Alexander Kinloch Forbes was a British administrator in India who loved Gujarat and the Gujarati language and became a scholar of the language. He came to India as a young man in 1840s and lived there till his death in 1860s. He was a senior administrator in Gujarat and went on to become a judge in Bombay. He set up a famous library in Surat and learned Gujarati with the poet Dalpatram. He wrote the classic history of “Goozeraat” in two volumes. When he died in 1865, Dalpatram wrote a collection, called Farbas Viraha. Forbes’s contribution in supporting Gujarati literature is enormous.
My great-great-grandfather Mansukhram Tripathi was a close friend of Forbes. (Tripathi himself was a leading essayist of his time and wrote Forbes’s biography). Upon Forbes’s death, Tripathi took lead in establishing Farbas Gujarati Sabha, an organisation that has stood the test of time.

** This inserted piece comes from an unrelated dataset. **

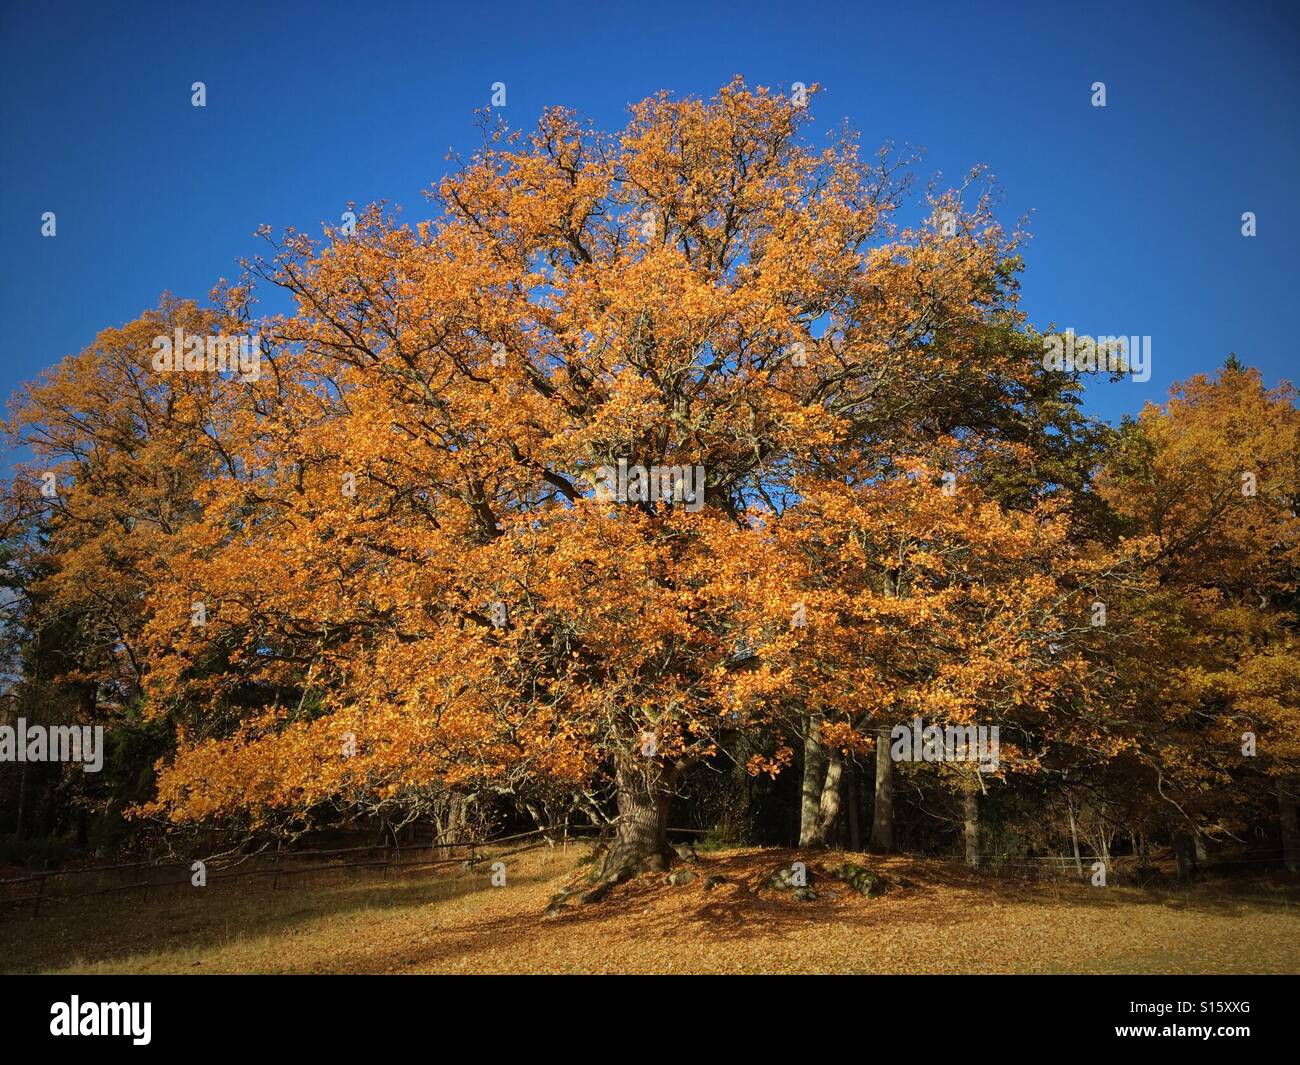 Albero di quercia con autunno / cadono le foglie d'arancio Foto Stock

I used to go to the Sabha at its old building, Congress House, with Kartik Bhagat for evening addas with Jayant Parekh, Rasik Shah, Nitin Mehta, and we met Naushil Mehta there when he had just moved back from the US. This was in the late 1970s. Kartik and I wrote Gujarati prose and poems, and we would be critiqued there by leading thinkers in Gujarati in Bombay – a fantastic formative experience. It is there that I discovered the magazine Etad, that Suresh Joshi had just launched in Baroda. Kartik and I were so inspired by Joshi, that we called the wall-paper we ran at New Era Pratyancha, after Joshi’s book. (Years later, Paula and Ashish would go on to edit it as well).
Last evening, Farbas trustee and my good friend Prabodh Parikh showed me around its magnificent collection – over 32,000 books – where i had the thrill of holding in my hands a book gifted to my greatgrandfather, Tansukhram Tripathi (Mansukhram’s son – he, too was a Sanskrit scholar and essayist, and a cousin of Govardhanram Tripathi, who wrote Sarasvatichandra).
I thought that as I resume my search into Gujarat and its asmita, this library was an excellent starting point!